■ WHAT THE TASK ASKS ■
Starting with the line that contains "Aurélie Anglares" and stopping after the line that contains "ALLSAINTS Studded Leather", copy the entries below exactly. Include nothing else.

[Collection entries]

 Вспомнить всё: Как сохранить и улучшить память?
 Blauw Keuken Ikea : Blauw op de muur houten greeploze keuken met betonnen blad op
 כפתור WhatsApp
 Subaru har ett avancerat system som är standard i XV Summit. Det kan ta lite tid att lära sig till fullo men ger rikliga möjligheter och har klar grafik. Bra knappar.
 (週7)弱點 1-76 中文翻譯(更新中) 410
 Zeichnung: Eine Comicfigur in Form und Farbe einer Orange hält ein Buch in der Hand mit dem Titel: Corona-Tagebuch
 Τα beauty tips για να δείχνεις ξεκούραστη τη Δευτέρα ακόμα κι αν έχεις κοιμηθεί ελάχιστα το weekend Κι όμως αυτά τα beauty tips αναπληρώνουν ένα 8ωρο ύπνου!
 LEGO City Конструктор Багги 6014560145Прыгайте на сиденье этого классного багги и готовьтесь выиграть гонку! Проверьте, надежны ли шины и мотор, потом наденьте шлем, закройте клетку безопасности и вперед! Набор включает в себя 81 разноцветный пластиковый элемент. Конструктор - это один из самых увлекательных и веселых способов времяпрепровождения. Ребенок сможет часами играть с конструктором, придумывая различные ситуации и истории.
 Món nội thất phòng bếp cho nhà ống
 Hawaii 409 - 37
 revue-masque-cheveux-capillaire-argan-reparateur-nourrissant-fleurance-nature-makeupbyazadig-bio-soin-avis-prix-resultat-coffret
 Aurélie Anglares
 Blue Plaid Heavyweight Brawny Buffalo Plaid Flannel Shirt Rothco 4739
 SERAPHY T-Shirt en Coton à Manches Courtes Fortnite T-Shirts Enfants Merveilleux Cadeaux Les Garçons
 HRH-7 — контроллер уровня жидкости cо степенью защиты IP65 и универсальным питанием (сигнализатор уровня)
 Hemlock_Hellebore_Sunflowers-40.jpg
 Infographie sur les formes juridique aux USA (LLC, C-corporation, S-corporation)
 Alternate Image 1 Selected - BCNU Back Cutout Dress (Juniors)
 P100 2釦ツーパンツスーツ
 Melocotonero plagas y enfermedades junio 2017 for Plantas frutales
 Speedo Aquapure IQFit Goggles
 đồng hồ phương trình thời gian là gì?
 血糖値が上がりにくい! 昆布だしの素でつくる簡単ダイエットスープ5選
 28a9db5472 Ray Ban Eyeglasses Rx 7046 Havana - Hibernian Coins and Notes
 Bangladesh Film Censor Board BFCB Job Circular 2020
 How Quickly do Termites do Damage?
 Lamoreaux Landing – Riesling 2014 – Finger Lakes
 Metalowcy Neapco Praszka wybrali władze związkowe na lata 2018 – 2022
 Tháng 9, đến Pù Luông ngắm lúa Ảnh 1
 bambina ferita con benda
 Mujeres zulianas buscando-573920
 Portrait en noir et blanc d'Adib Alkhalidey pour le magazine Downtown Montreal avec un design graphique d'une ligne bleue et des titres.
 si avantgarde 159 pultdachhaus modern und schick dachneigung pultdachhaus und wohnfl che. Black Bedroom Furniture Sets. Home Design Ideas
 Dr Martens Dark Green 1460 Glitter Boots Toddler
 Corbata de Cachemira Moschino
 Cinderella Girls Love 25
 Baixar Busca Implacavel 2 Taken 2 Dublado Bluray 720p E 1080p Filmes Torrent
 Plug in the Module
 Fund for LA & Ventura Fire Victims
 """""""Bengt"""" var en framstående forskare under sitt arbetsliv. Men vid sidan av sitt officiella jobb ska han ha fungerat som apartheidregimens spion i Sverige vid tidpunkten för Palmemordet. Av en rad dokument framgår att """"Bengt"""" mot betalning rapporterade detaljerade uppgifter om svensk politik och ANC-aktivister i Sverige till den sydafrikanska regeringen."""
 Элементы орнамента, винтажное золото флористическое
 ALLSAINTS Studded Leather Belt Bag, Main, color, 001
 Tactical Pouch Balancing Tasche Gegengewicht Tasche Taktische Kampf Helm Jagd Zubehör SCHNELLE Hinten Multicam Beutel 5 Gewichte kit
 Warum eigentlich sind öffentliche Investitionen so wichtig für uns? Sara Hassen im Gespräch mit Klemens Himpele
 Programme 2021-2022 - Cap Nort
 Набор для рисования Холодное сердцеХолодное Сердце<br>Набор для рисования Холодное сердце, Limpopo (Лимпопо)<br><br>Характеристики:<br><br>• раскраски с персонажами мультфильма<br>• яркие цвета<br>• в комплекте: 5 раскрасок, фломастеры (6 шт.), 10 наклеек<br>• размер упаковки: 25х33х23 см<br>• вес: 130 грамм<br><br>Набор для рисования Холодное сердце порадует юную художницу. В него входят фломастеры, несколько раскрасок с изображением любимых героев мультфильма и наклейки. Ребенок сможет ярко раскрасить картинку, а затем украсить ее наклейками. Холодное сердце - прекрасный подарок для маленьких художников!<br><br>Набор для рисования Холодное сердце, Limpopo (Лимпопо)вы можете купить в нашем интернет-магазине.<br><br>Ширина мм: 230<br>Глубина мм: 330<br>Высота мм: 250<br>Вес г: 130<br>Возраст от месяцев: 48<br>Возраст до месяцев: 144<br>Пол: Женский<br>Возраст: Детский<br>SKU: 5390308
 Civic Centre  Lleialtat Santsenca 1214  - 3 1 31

■ WRITTEN RESPONSE ■
 Aurélie Anglares
 Blue Plaid Heavyweight Brawny Buffalo Plaid Flannel Shirt Rothco 4739
 SERAPHY T-Shirt en Coton à Manches Courtes Fortnite T-Shirts Enfants Merveilleux Cadeaux Les Garçons
 HRH-7 — контроллер уровня жидкости cо степенью защиты IP65 и универсальным питанием (сигнализатор уровня)
 Hemlock_Hellebore_Sunflowers-40.jpg
 Infographie sur les formes juridique aux USA (LLC, C-corporation, S-corporation)
 Alternate Image 1 Selected - BCNU Back Cutout Dress (Juniors)
 P100 2釦ツーパンツスーツ
 Melocotonero plagas y enfermedades junio 2017 for Plantas frutales
 Speedo Aquapure IQFit Goggles
 đồng hồ phương trình thời gian là gì?
 血糖値が上がりにくい! 昆布だしの素でつくる簡単ダイエットスープ5選
 28a9db5472 Ray Ban Eyeglasses Rx 7046 Havana - Hibernian Coins and Notes
 Bangladesh Film Censor Board BFCB Job Circular 2020
 How Quickly do Termites do Damage?
 Lamoreaux Landing – Riesling 2014 – Finger Lakes
 Metalowcy Neapco Praszka wybrali władze związkowe na lata 2018 – 2022
 Tháng 9, đến Pù Luông ngắm lúa Ảnh 1
 bambina ferita con benda
 Mujeres zulianas buscando-573920
 Portrait en noir et blanc d'Adib Alkhalidey pour le magazine Downtown Montreal avec un design graphique d'une ligne bleue et des titres.
 si avantgarde 159 pultdachhaus modern und schick dachneigung pultdachhaus und wohnfl che. Black Bedroom Furniture Sets. Home Design Ideas
 Dr Martens Dark Green 1460 Glitter Boots Toddler
 Corbata de Cachemira Moschino
 Cinderella Girls Love 25
 Baixar Busca Implacavel 2 Taken 2 Dublado Bluray 720p E 1080p Filmes Torrent
 Plug in the Module
 Fund for LA & Ventura Fire Victims
 """""""Bengt"""" var en framstående forskare under sitt arbetsliv. Men vid sidan av sitt officiella jobb ska han ha fungerat som apartheidregimens spion i Sverige vid tidpunkten för Palmemordet. Av en rad dokument framgår att """"Bengt"""" mot betalning rapporterade detaljerade uppgifter om svensk politik och ANC-aktivister i Sverige till den sydafrikanska regeringen."""
 Элементы орнамента, винтажное золото флористическое
 ALLSAINTS Studded Leather Belt Bag, Main, color, 001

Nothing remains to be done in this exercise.